Could you restate the entries word for word, without the images?

> _Entries provided_
★ ★ ★ ★

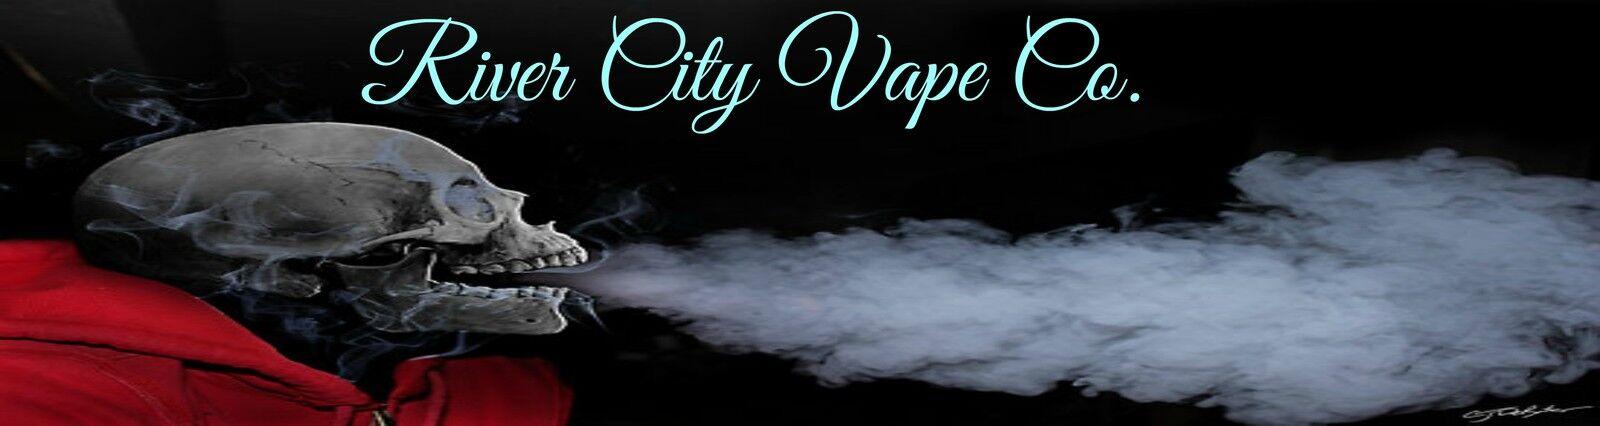 River City Vape Company
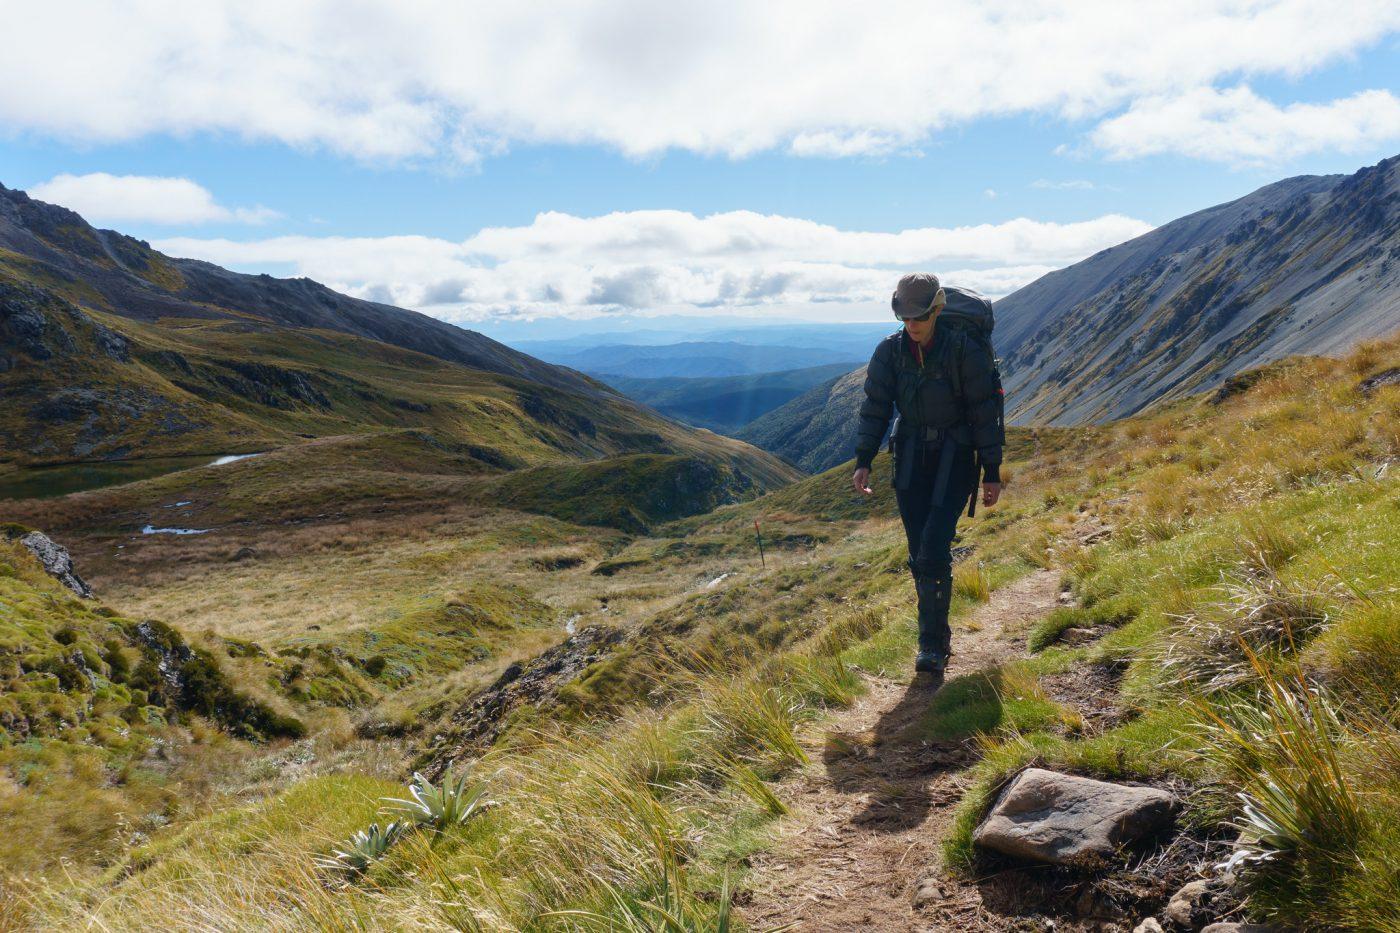 New Zealand South Island Hikes - Angelus Hut (via Pinchgut Track), Nelson Lakes
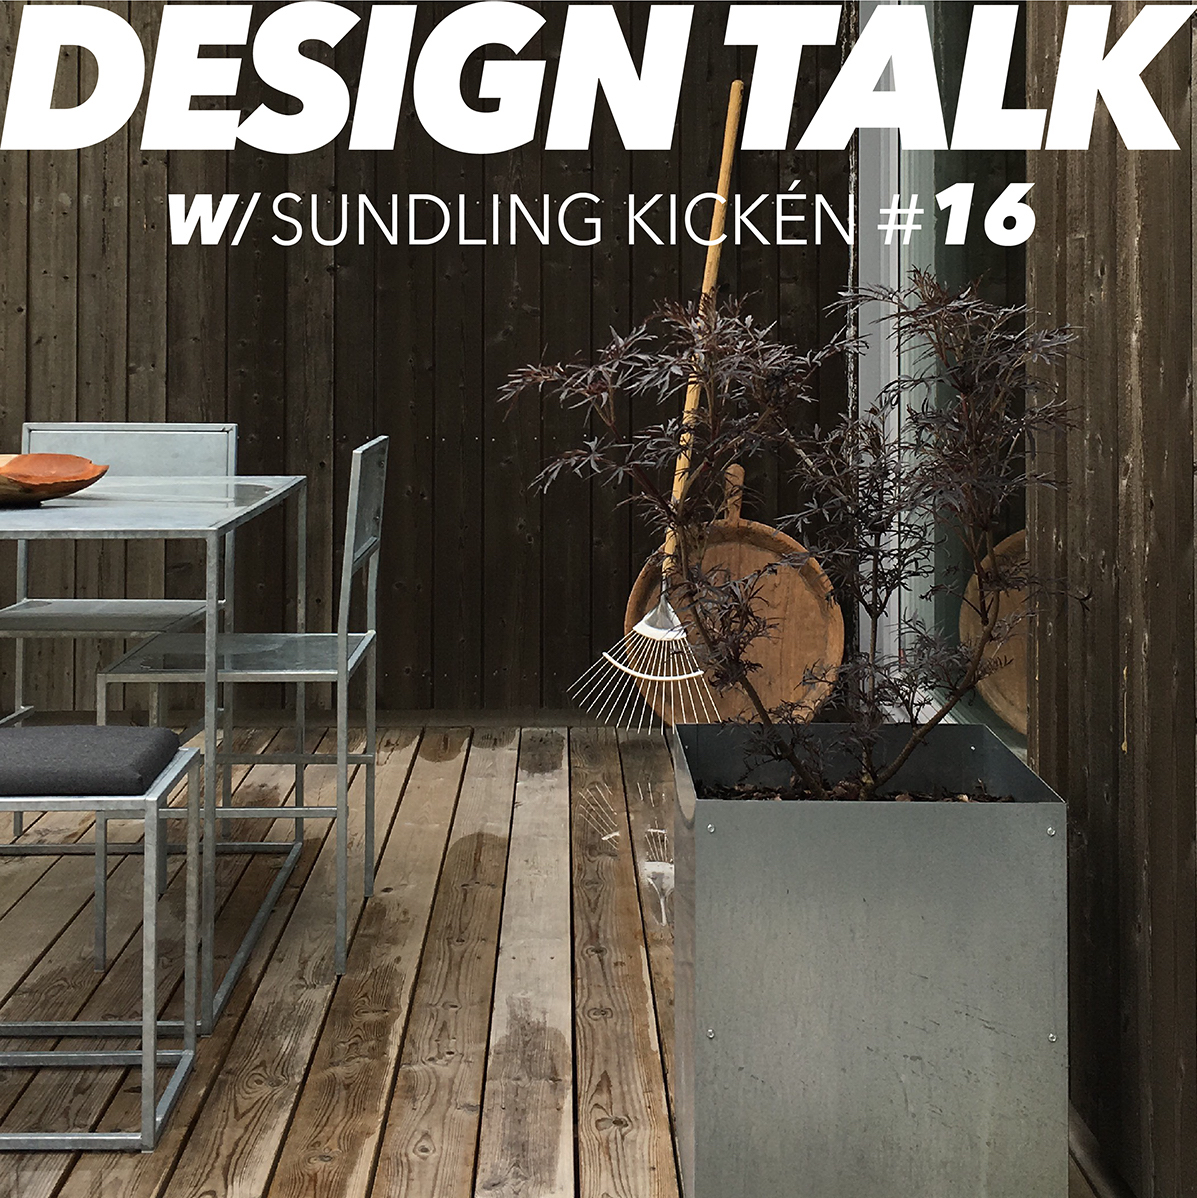 Design talk - front.jpg
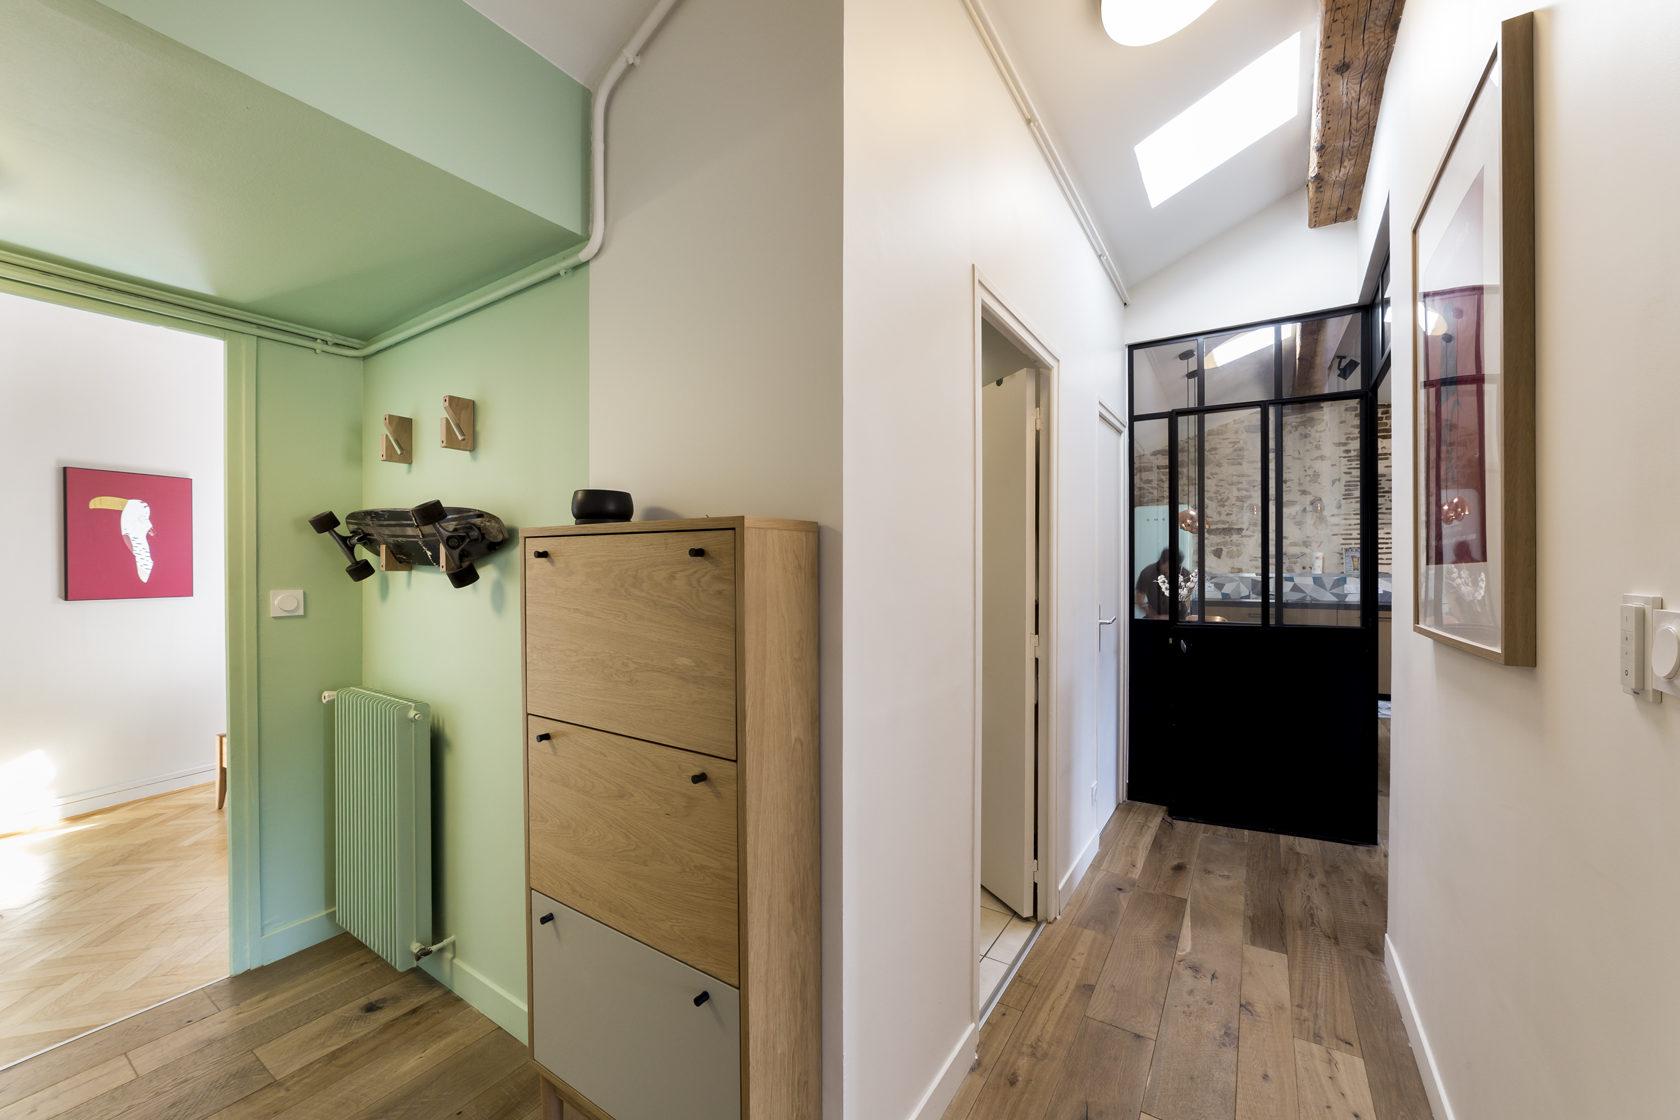 skea-designer-realisation-architecte-d-interieur-bleu-affluent-55
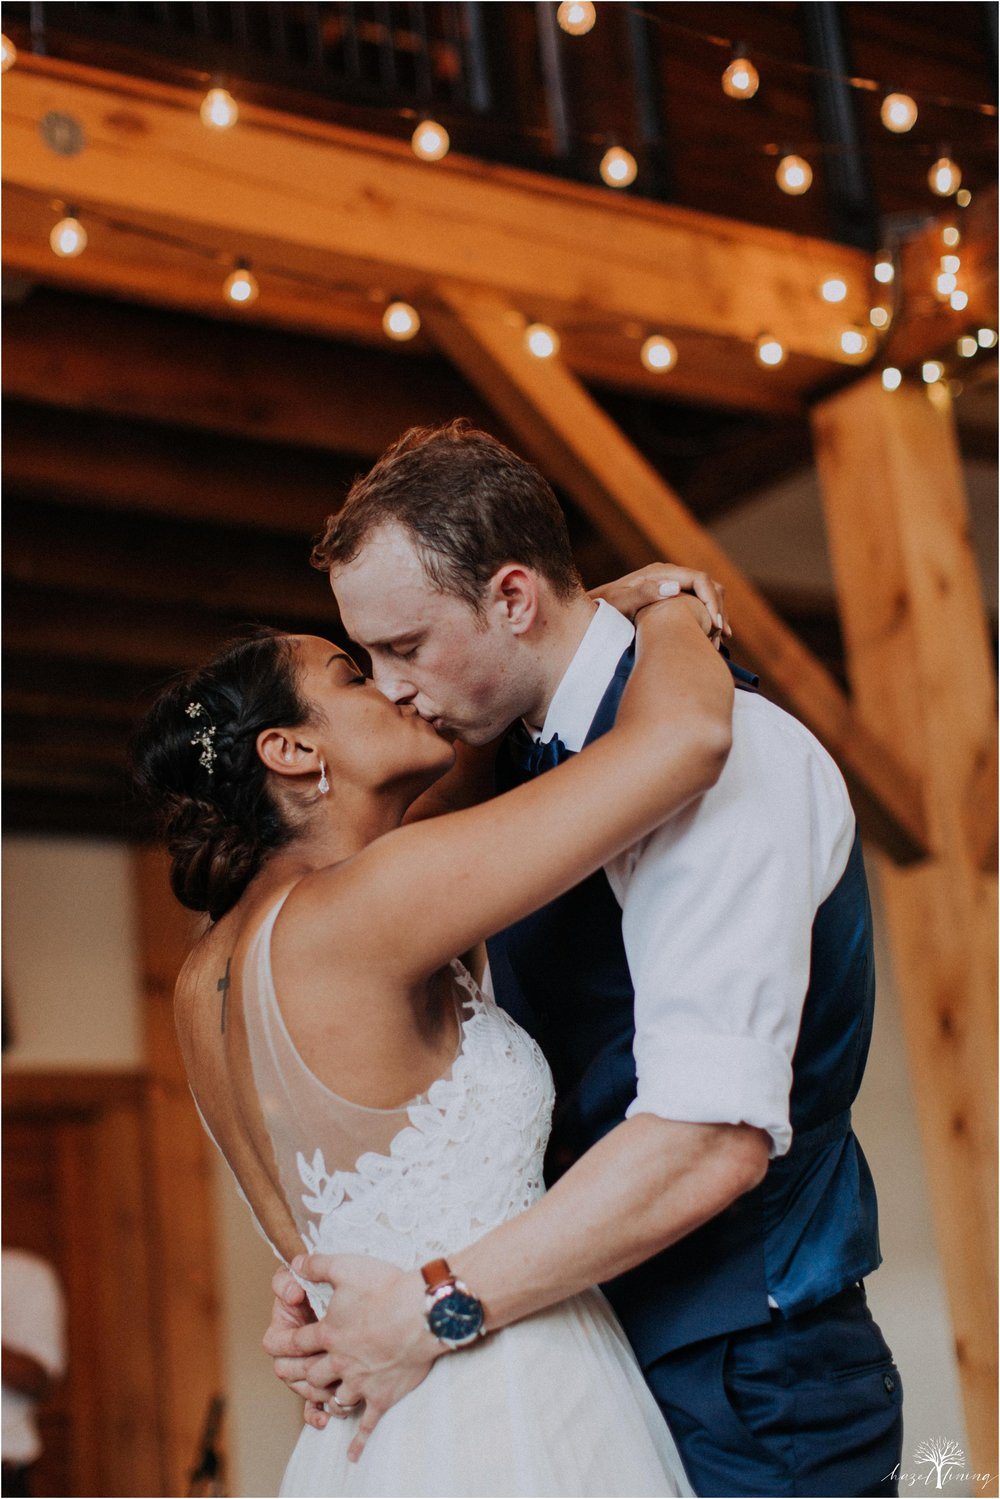 mariah-kreyling-samuel-sherratt-sherrattwiththeworld-peirce-farm-at-witch-hill-boston-massachusetts-wedding-photography-hazel-lining-travel-wedding-elopement-photography_0190.jpg

★ ★ ★ ★

> _Output below_
 River City Vape Company
 New Zealand South Island Hikes - Angelus Hut (via Pinchgut Track), Nelson Lakes
 Design talk - front.jpg
 skea-designer-realisation-architecte-d-interieur-bleu-affluent-55
 mariah-kreyling-samuel-sherratt-sherrattwiththeworld-peirce-farm-at-witch-hill-boston-massachusetts-wedding-photography-hazel-lining-travel-wedding-elopement-photography_0190.jpg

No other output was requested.